Five Years Later, ZOLA Electric Was Launched initially known as Off-Grid Electric
Xavier attended Oxford University’s MBA program and set out researching exactly why solar adoption was so slow in places where it was needed most. At Oxford, he met future ZOLA co-founder Erica Mackey. Erica had worked in Tanzania for a decade and deeply understood the African market. Joined by a renewable energy expert, Joshua Pierce, they worked together on a business plan that would allow customers to buy their own solar and storage power systems over time with the money they earn. This approach could reduce upfront costs and the risk for the customer that the system would not perform as promised, aligning the company and the customer.
The founders moved to Tanzania in 2012 after working on the idea for a year at Oxford and raising seed funding, They launched a company, then called Off Grid Electric. The idea was not to build technology first, but instead to first understand customers’ needs and what they could afford. From those insights, the team could then develop technology that exactly fit customer demand.

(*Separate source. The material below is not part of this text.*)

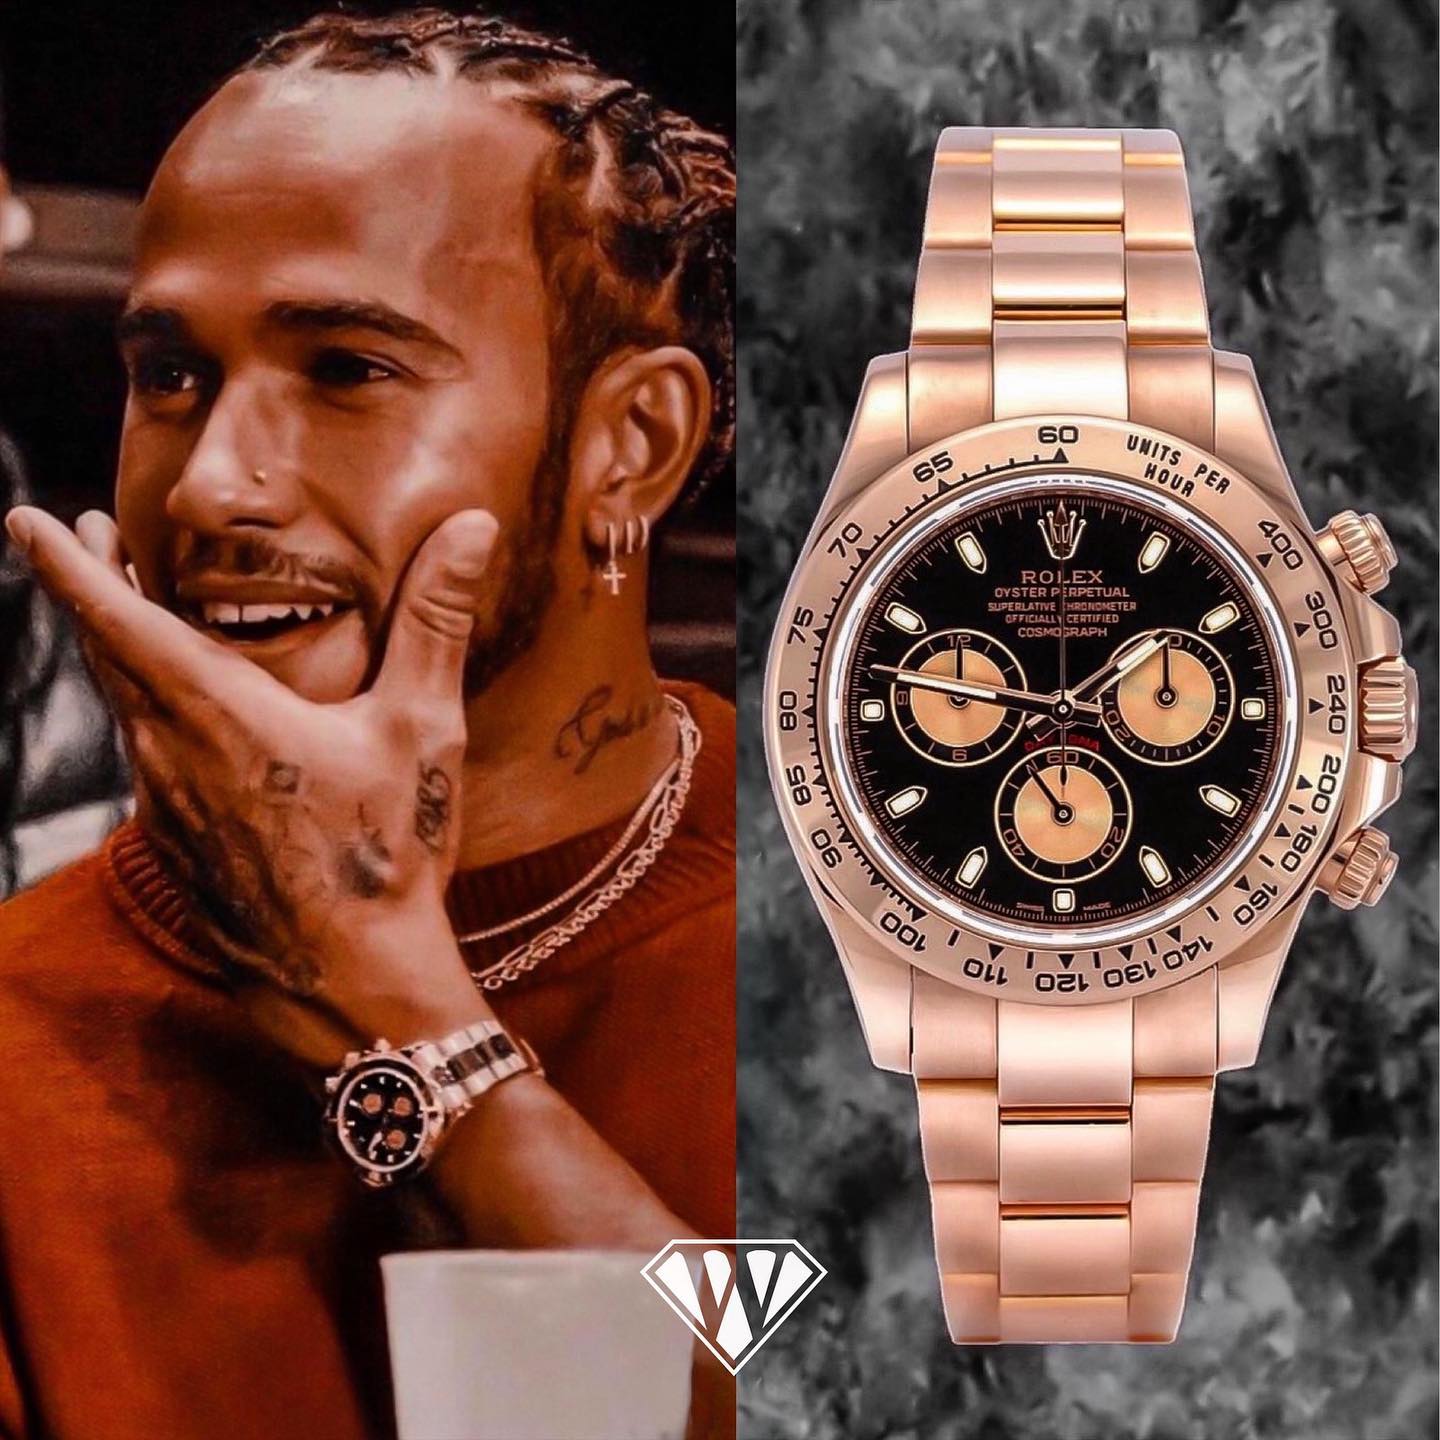 Always with us V' - Lewis Hamilton remembers Louis Vuitton

ZOLA Electric Today and Our Vision for the Future
Today, ZOLA is the leading solar brand in the markets it serves, offering a full energy ladder that can scale to solve any energy problem. ZOLA Electric has developed a unique design and engineering philosophy based on deep customer insights learned by powering more than 1 million lives. Solar’s first wave focused on the developed world, where customers offset their utility bills with distributed systems. If generating your own power is cheaper and more reliable than buying it from the power grid, why wouldn’t you do it?